Exact copy, pictures excluded: the lines from the one containing "Kıbrıs Fotoğrafları eşiliğinde" to the end of the listing.
----- SUPPLIED INFORMATION -----
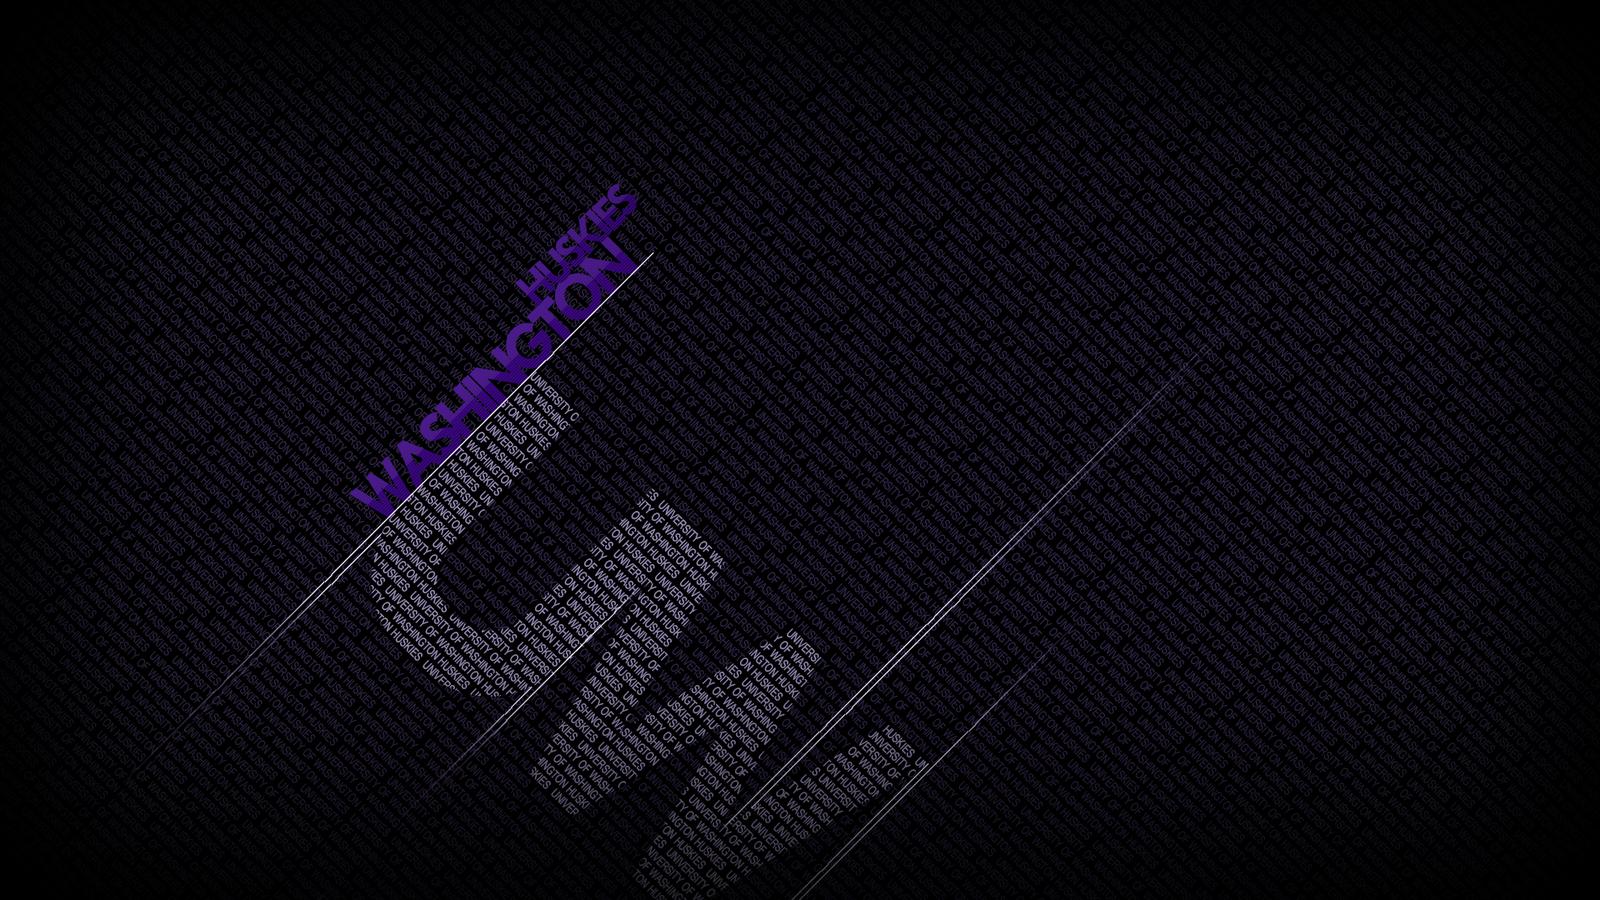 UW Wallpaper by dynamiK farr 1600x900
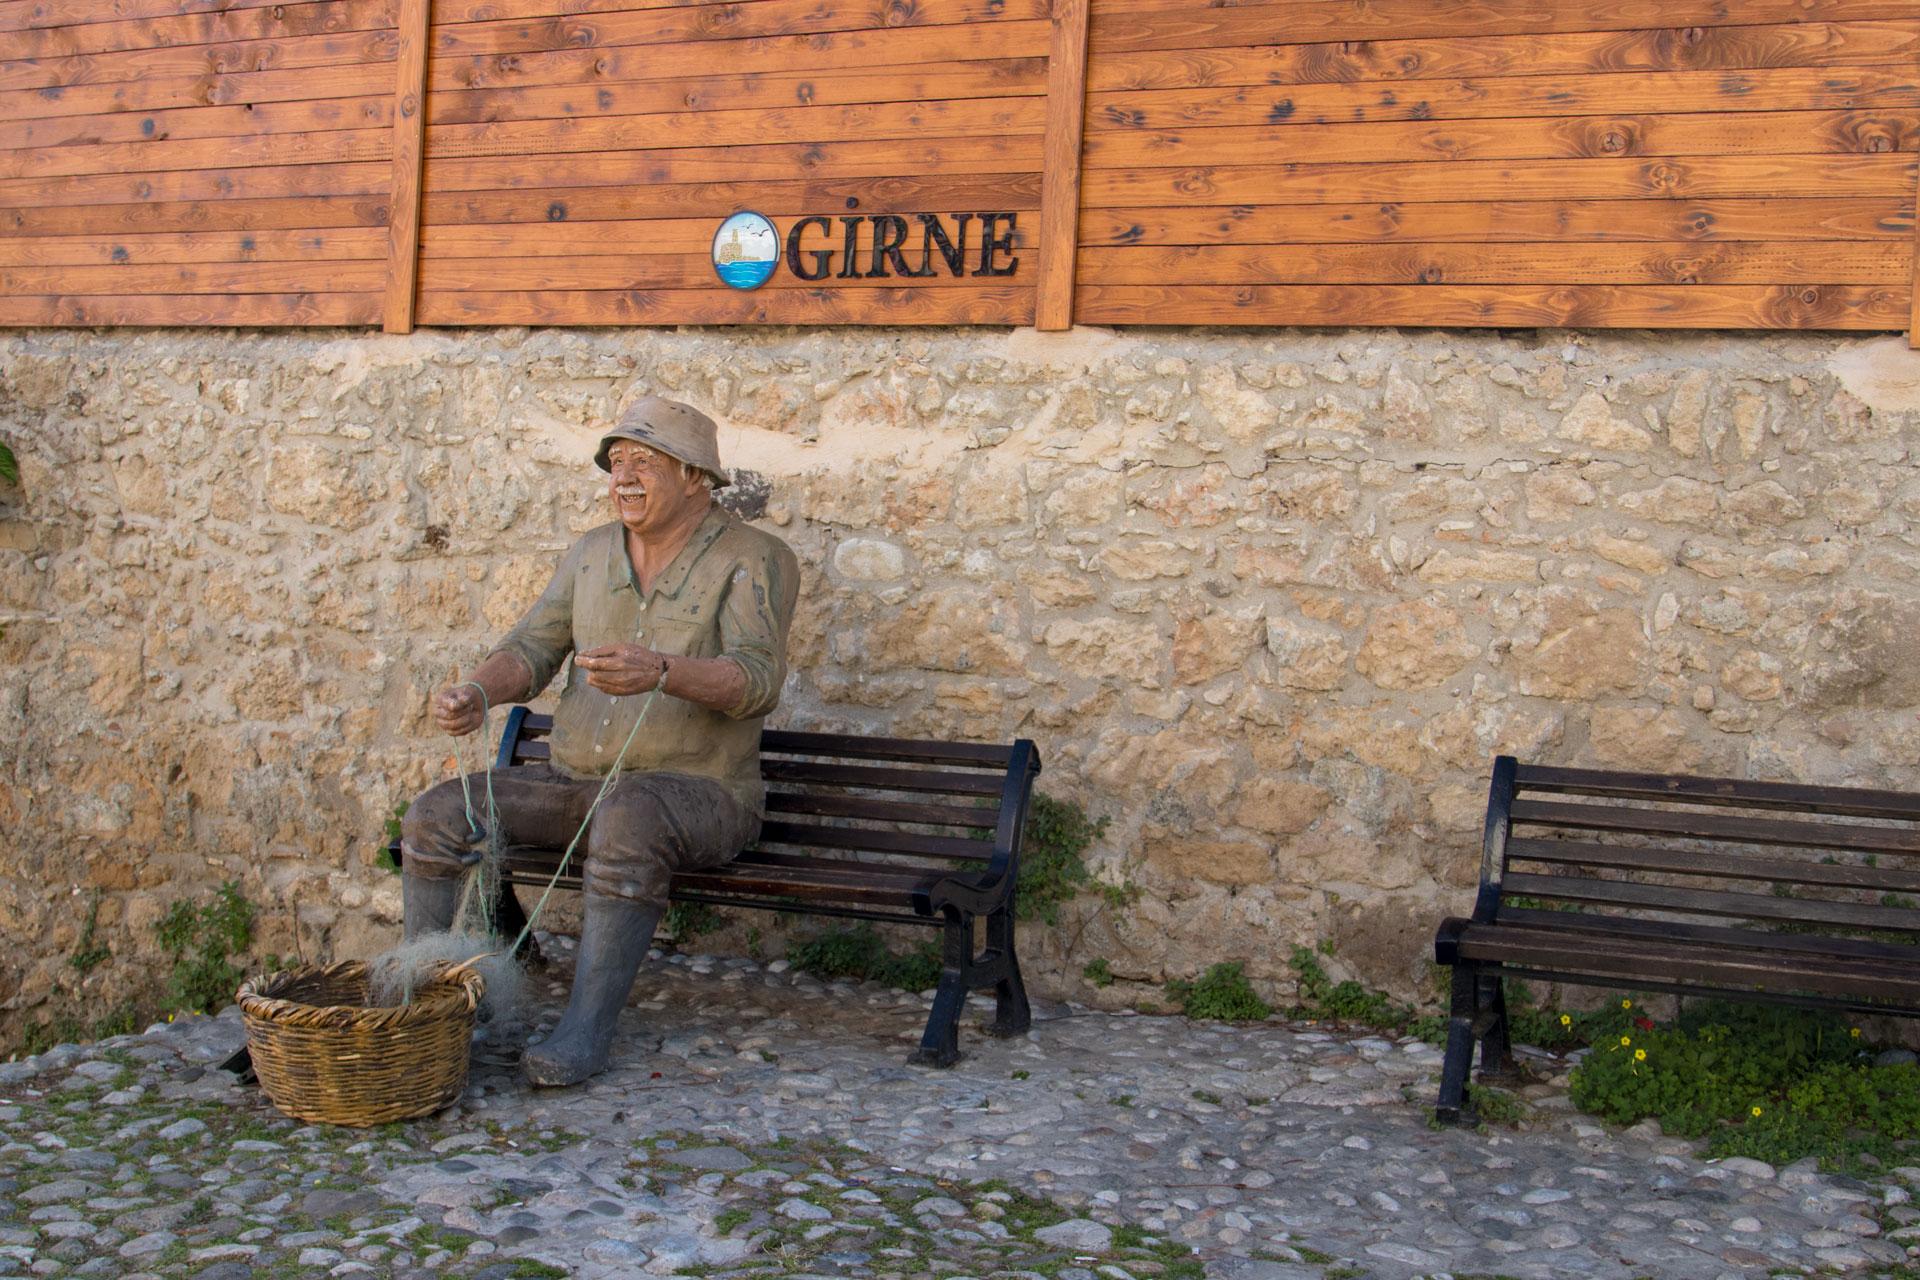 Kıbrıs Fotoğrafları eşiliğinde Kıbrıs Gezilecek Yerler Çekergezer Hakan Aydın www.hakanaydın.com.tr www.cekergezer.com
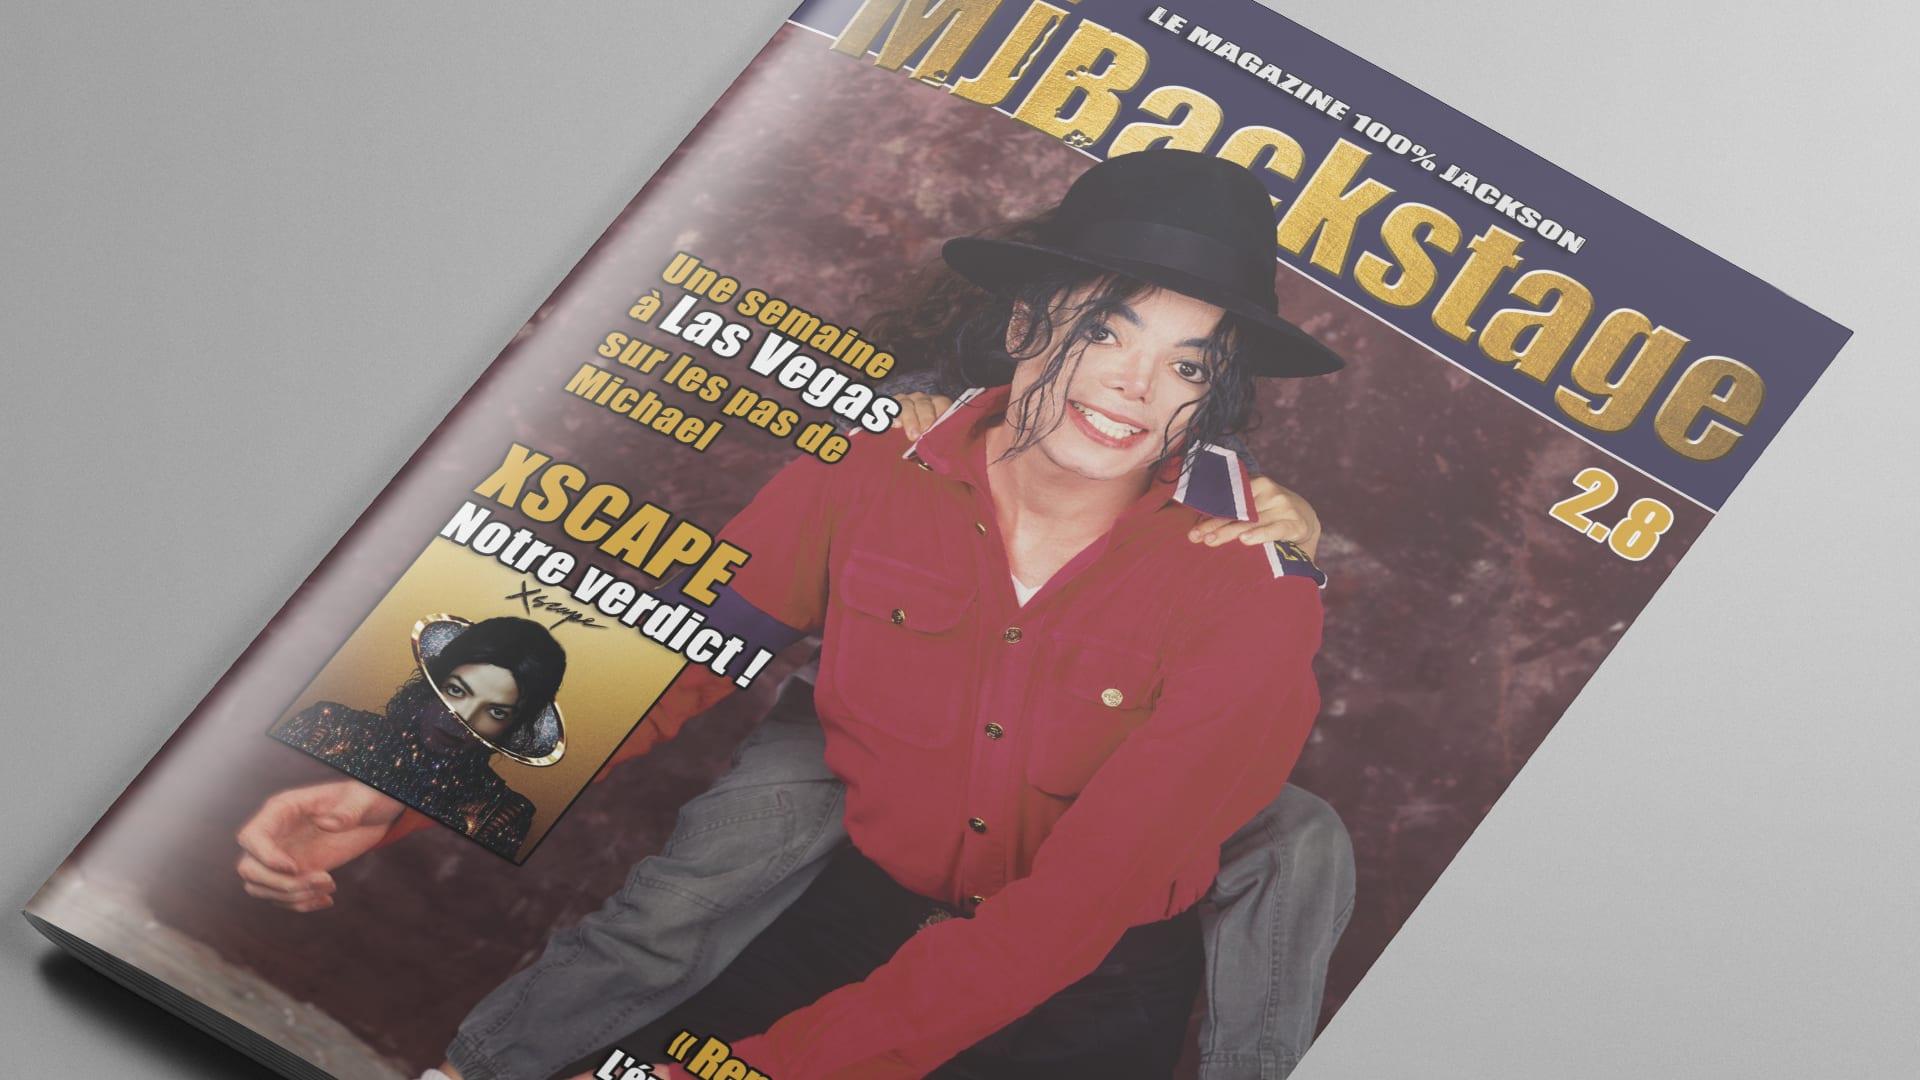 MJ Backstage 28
-----
* [COMPLETED EXERCISE]
 Kıbrıs Fotoğrafları eşiliğinde Kıbrıs Gezilecek Yerler Çekergezer Hakan Aydın www.hakanaydın.com.tr www.cekergezer.com
 MJ Backstage 28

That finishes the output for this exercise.